Трансформация сюжета о превращении в морских бобров в фольклоре командорских алеутов

Rok vydání: 2018
Předmět:
DOI: 10.24411/1026-8804-2018-10052
Popis: В работе анализируется алеутский фольклор о превращении людей в морских бобров (каланов): вероятные исходные версии сюжетов, трансформация их структурных элементов за минувшие 200 лет и причины, вызвавшие эти изменения. Многие фольклорные сюжеты, зафиксированные на Алеутских и Командорских островах, со временем были утрачены. Другие сохранили ключевую фабулу, но претерпели структурные изменения. В нашем случае неизменными оставались только ведущий мотив и финал: девушка или женщина и один или несколько мужчин бросались в море и превращались в каланов. Некоторые исследователи расценивали такую трансформацию как легенду о происхождении бобров. Но этот вывод не очевиден. Собрано пять основных версий сюжета: безымянная легенда в изложении протоиерея Иоанна Вениаминова (1840 г., в этом же году он был пострижен в монашество с именем Иннокентий), «Aatluung» в переводе В. Иохельсона (1990 г., алеутский текст записан в 1909 г.), «Легенда о бессмертной любви » в художественной обработке Э. Зубковой (1966 г.), «Оголгузах — водные люди» в пересказе Н. Н. Беклемишева (1884 г.) и навеянная алеутскими мотивами современная сказка Р. В. Рудина «Неразлучные Онга и Слах» (2017 г.). Особняком стоит несформировавшееся либо утраченное представление о седом бобре-тойоне. По мнению автора, изложенная И. Вениаминовым версия с инцестуальным мотивом слабо сочетается с традиционным алеутским восприятием окружающей действительности, поскольку в алеутском фольклоре превращение в животных обычно не расценивалось как наказание. В рассматриваемых текстах тема инцеста звучит иначе, чем в эскимосских или тлинкитских легендах. В варианте В. Иохельсона она больше напоминает гиперболу, а в пересказе Н. Н. Беклемишева вовсе отсутствует. Во всех случаях выбор калана как объекта перерождения был не случаен — социальное поведение этого животного по многим показателям напоминает человеческое. В XX в. началось угасание психоэмоциональной связи «человек — калан ». На Командорах «красной линией » стало время введения полного запрета на промысел этих животных. Разрыв отношений «охотник — добыча » вызвал ряд негативных последствий, индикатором которых стали депрессия и отказ от создания новых сюжетных линий.
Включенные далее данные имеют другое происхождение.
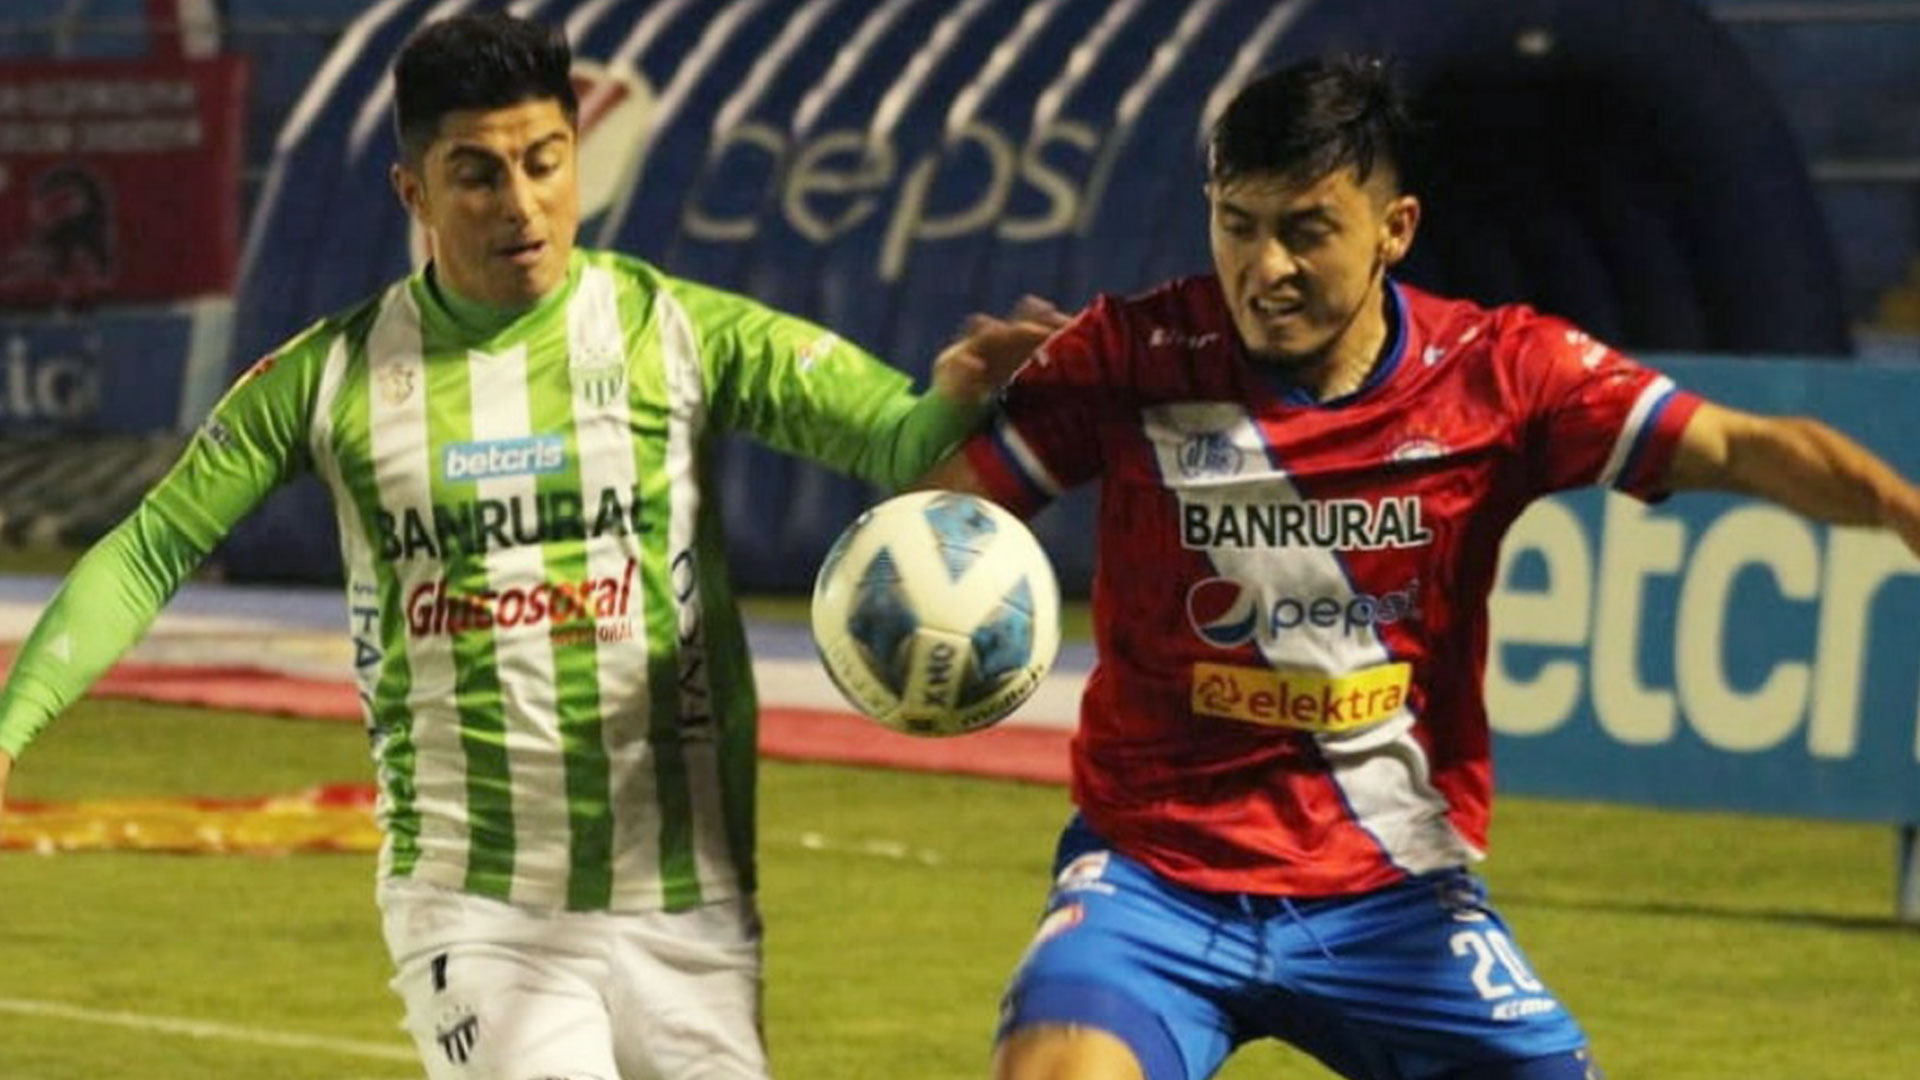 El jugador de Antigua Frank de León (derecha) disputa el balón junto con el jugador de Xelajú, Harim Quezada. (Foto Prensa Libre: Xelajú MC Facebook)

The paper analyses the Aleutian folklore about the transformation of people into sea otters: its probable initial plot versions, transformation of structural their elements for the last 200 years and the reasons. Many folklore plots recorded on the Aleutian and Commander Islands were eventually lost. Others kept up the main plot but underwent structural changes. In our case, only the main motif and the final remained invariable: a girl or a woman and a man or several men jumped to the sea and turned into sea otters. Some researchers regarded such transformation as a legend about the origin of sea otters. But this conclusion is not obvious. Five main versions of the plot were collected: an unnamed legend by I. Veniaminov (1840), a translation by W. Jochelson of the Aleutian text “Aatluung” (was recorded in 1909), a literary adaptation of “The Legend about Immortal Love” by E. Zubkova (1966), “Ogolguzah — water people” in retelling by N. Beklemishev (1884) and a modern tale with Aleutian motifs “The Inseparable Onga and Slah” by R. V. Rudin (2017). The vague legend about a gray-haired leader of sea otters is kept separately. In the author’s opinion, I. Veniaminov’s version with the incestuous theme does not fit well with Aleut perception of the reality because the transformation into animals was not considered as punishment in the Aleut folklore. In the analyzed texts the topic of incest looks differently than in Eskimo or Tlingit legends. In W. Jochelson’s variant it is more like a hyperbole. In N. Beklemishev’s retelling it is completely absent. In all cases, the choice of a sea otter as an object of reincarnation was not random — the social behavior of this animal resembles the human one in many aspects. In the twentieth century, the psychoemotional connection between a man and a sea otter began to fade. The “red line” on Commanders lay in 1924 — the year of prohibition on hunting for these animals. The rupture of relations “hunter — prey” led to a number of negative consequences such as depression and refusal to create new storylines.